According to difference to product identity of cosine functions,

$\cos{a}$ $-$ $\cos{b}$ $\,=\,$ $-2\sin{\Big(\dfrac{a+b}{2}\Big)}\sin{\Big(\dfrac{a-b}{2}\Big)}$

Let’s take $a = 3x$ and $b = 4x$. Now, convert the expression in the numerator by the above trigonometric identity.

$\implies$ $\displaystyle \large \lim_{x \,\to\, 0}{\normalsize \dfrac{\cos{3x}-\cos{4x}}{x\sin{2x}}}$ $\,=\,$ $\displaystyle \large \lim_{x \,\to\, 0}{\normalsize \dfrac{-2\sin{\Big(\dfrac{3x+4x}{2}\Big)}\sin{\Big(\dfrac{3x-4x}{2}\Big)}}{x\sin{2x}}}$

Now, let’s simplify the trigonometric expression in the numerator of the rational function.

$\,=\,\,$ $\displaystyle \large \lim_{x \,\to\, 0}{\normalsize \dfrac{-2\sin{\Big(\dfrac{7x}{2}\Big)}\sin{\Big(\dfrac{-x}{2}\Big)}}{x\sin{2x}}}$

Now, let’s focus on simplifying trigonometric expression further.

$=\,\,$ $\displaystyle \large \lim_{x \,\to\, 0}{\normalsize \dfrac{-2\sin{\Big(\dfrac{7x}{2}\Big)}\sin{\Big(-\dfrac{x}{2}\Big)}}{x\sin{2x}}}$

In numerator, there is a sine function with negative angle.
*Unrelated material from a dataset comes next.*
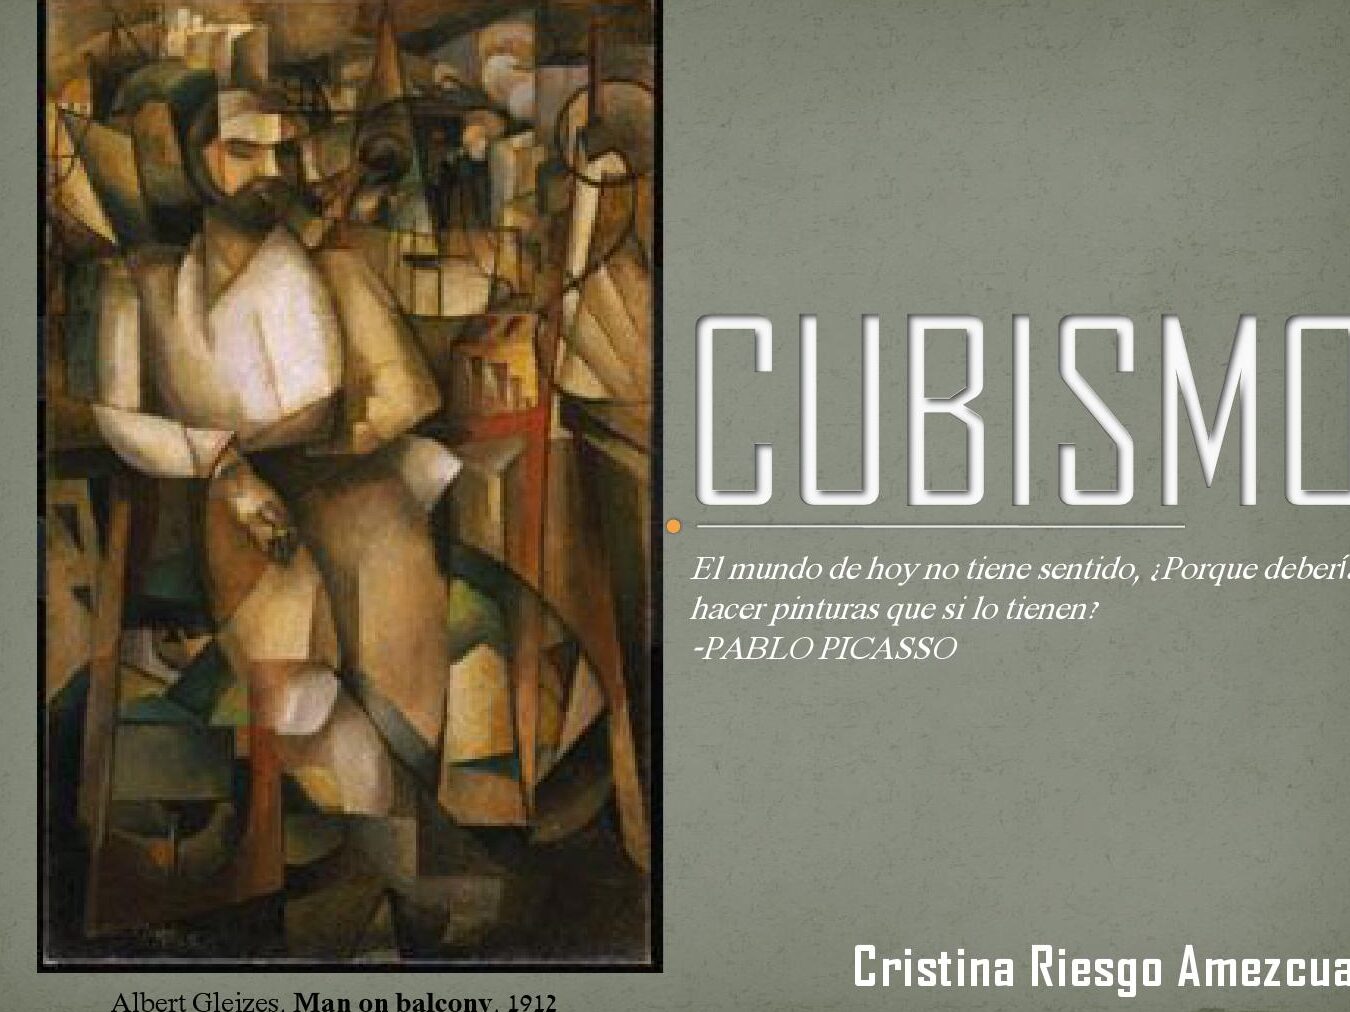 Poemas del cubismo: Vanguardia artística en la poesía del siglo XX

It can be simplified by using even or odd identity of sine function.

$=\,\,$ $\displaystyle \large \lim_{x \,\to\, 0}{\normalsize \dfrac{-2\sin{\Big(\dfrac{7x}{2}\Big)}\bigg(-\sin{\Big(\dfrac{x}{2}\Big)}\bigg)}{x\sin{2x}}}$

Now, let’s begin the process of simplifying the numerator to possible level.

$=\,\,$ $\displaystyle \large \lim_{x \,\to\, 0}{\normalsize \dfrac{-2\sin{\Big(\dfrac{7x}{2}\Big)}\bigg((-1) \times \sin{\Big(\dfrac{x}{2}\Big)}\bigg)}{x\sin{2x}}}$

$=\,\,$ $\displaystyle \large \lim_{x \,\to\, 0}{\normalsize \dfrac{(-2) \times \sin{\Big(\dfrac{7x}{2}\Big)} \times (-1) \times \sin{\Big(\dfrac{x}{2}\Big)}}{x\sin{2x}}}$

Use the commutative property to change the positions of the factors in the expression.

$=\,\,$ $\displaystyle \large \lim_{x \,\to\, 0}{\normalsize \dfrac{(-2) \times (-1) \times \sin{\Big(\dfrac{7x}{2}\Big)} \times \sin{\Big(\dfrac{x}{2}\Big)}}{x\sin{2x}}}$

Now, multiply the integers $-2$ and $-1$ to find their product arithmetically.

$=\,\,$ $\displaystyle \large \lim_{x \,\to\, 0}{\normalsize \dfrac{2 \times \sin{\Big(\dfrac{7x}{2}\Big)} \times \sin{\Big(\dfrac{x}{2}\Big)}}{x\sin{2x}}}$

According to trigonometric limit rule in sine function, a sine function should have its denominator same as its inside angle. So, let’s try to make each sine function consists the denominator same as its inside angle.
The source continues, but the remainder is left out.